While seeking fox-like tendencies, in certain ways I fervently remain a hedgehog in continued pursuit of what I know to be true: that top-quality architecture matters in our lives. The experience of working in an exquisitely designed building (take a look at where I work if you don’t believe me) enhances one’s life more than working in a cardboard box on the same site. We can never forget this. Balancing this is an openness to new relationships to understand how and where that value lies. Stay tuned.

*Results of the analysis suggest a mean rent premium of 3.7 percent with a standard error of 0.008, and a greater than 99 percent level of confidence; the 99 percent+ confidence interval is approximately 1.6 percent to 5.9 percent.
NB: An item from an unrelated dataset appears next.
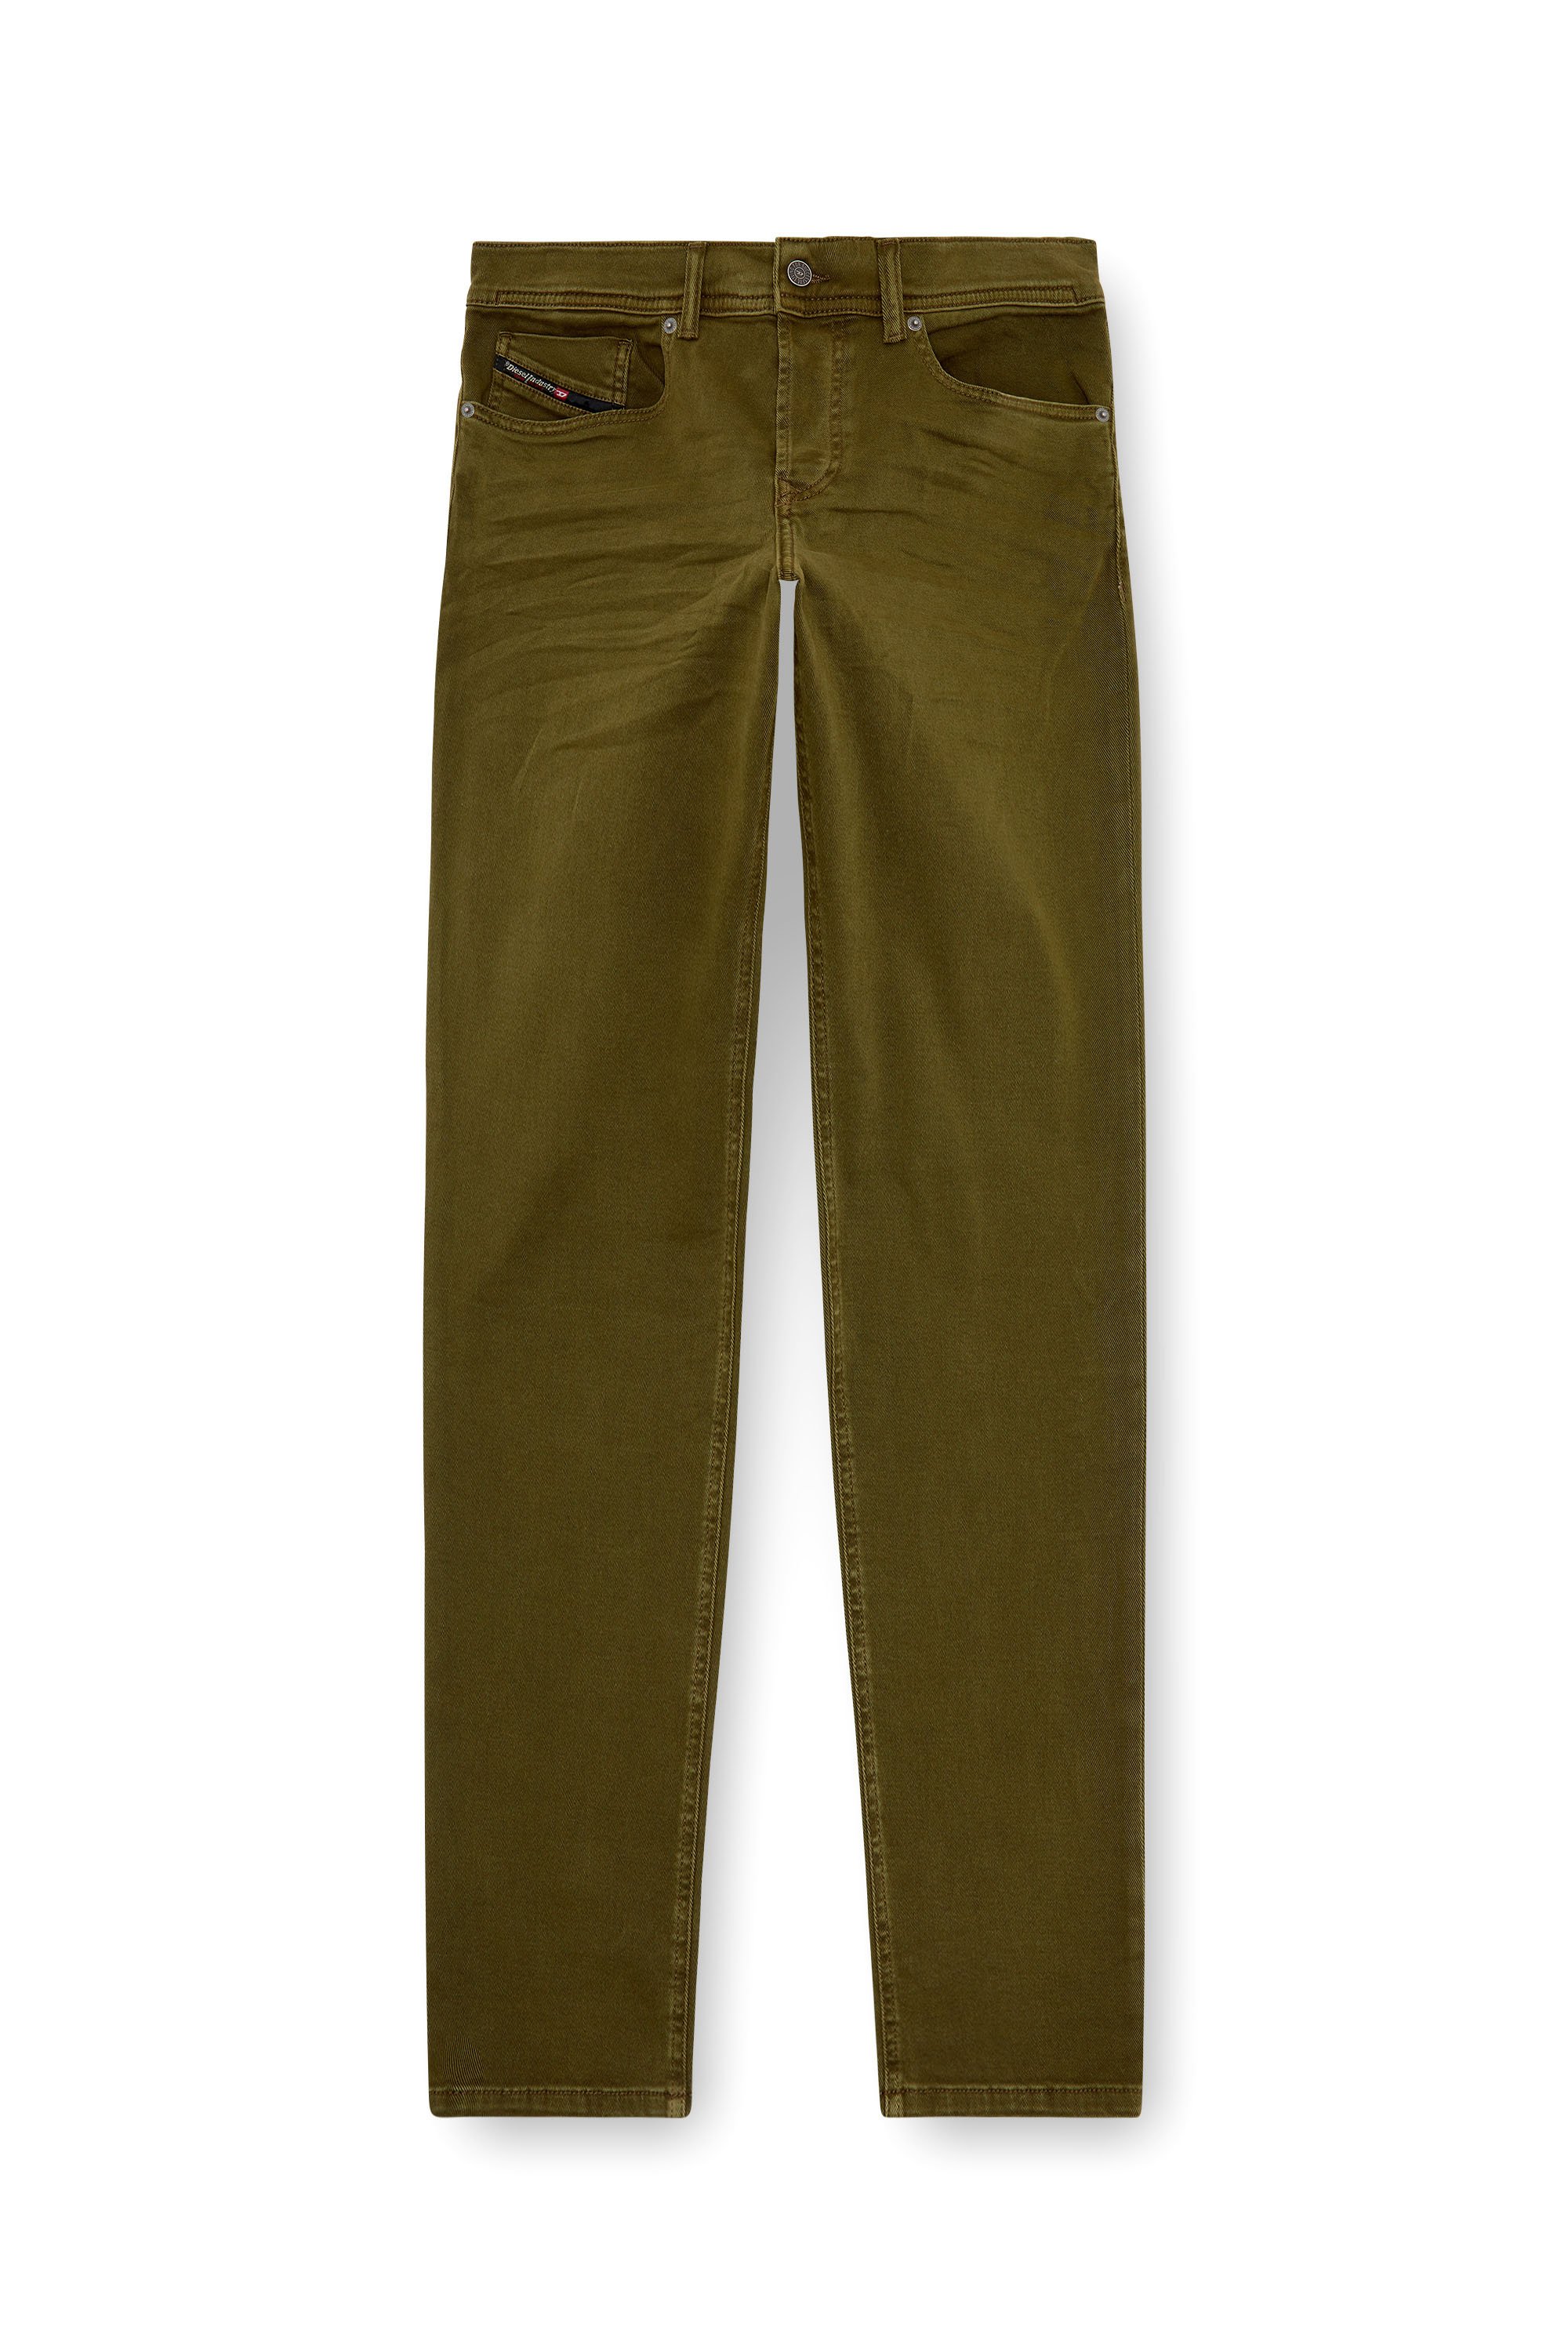 Diesel - Tapered Jeans 2023 D-Finitive 0QWTY, Hombre Tapered Jeans - 2023 D-Finitive in Verde - Image 3
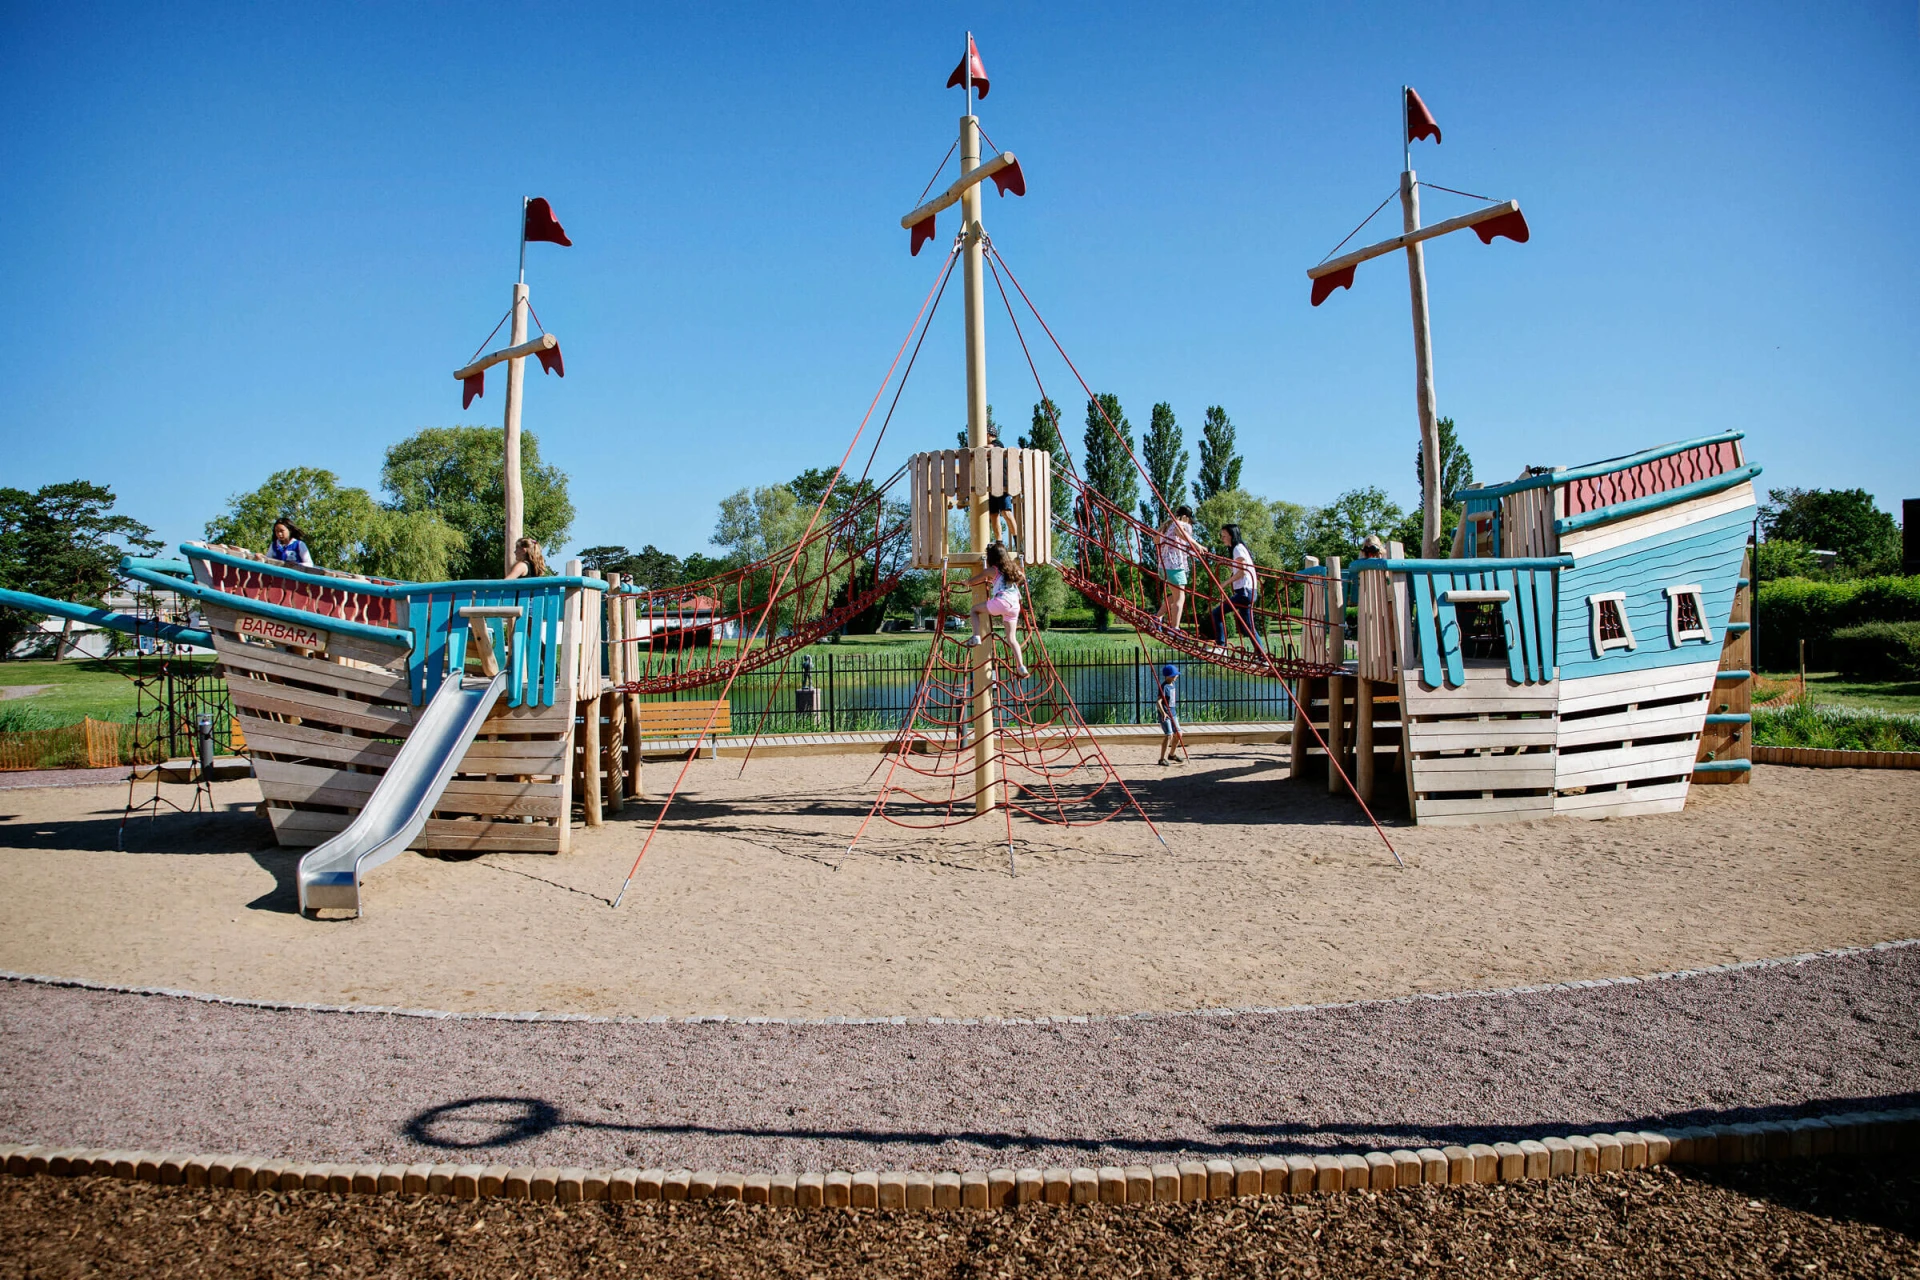  Pirate themed playground ship in Borgholm, Sweden

Chris Jerde has had a number of unique professional experiences, from working at the first Johnny Rockets hamburger store in Los Angeles to tending the music archive at the Smithsonian. But his real passion is how design affects everyday life, and since 2005 he has explored this question as a member of Gensler's Consulting practice. Contact him at chris_jerde@gensler.com.

Reader Comments (4)

Chris, thank you for this excellent post and your incredible research efforts! I look forward to learning more about what you find in the next steps of your research!
04.29.2013 | Unregistered CommenterErin Cubbison
Great blog Chris - I guess one of the burning questions is how can good design increase value by more than single digits?!
04.30.2013 | Unregistered CommenterPhilip Tidd
Hallelujah, brother and Amen! Absolutely agree it's the tip of the proverbial iceberg and accordingly, you're onto something really huge. The endeavor to isolate and quantify the impact of design is a challenging but worthwhile one and as you suggest, will provide hard evidence to support what we instinctively know to be true (that good design matters!) Rent premiums are but one metric for assessing the positive impact of design, and an excellent start to researching this topic... taken in aggregate, I strongly believe all the qualitative and quanitative benefits will build a strong case in the end. Exciting and inspiring... keep up the great work!
04.30.2013 | Unregistered CommenterJane Greenthal
Chris, thanks for sending signals amongst the noise. I guess I am a hedgehog as well, when it comes to the importance of design and top quality architecture in our lives, but the fox in me wants to understand more.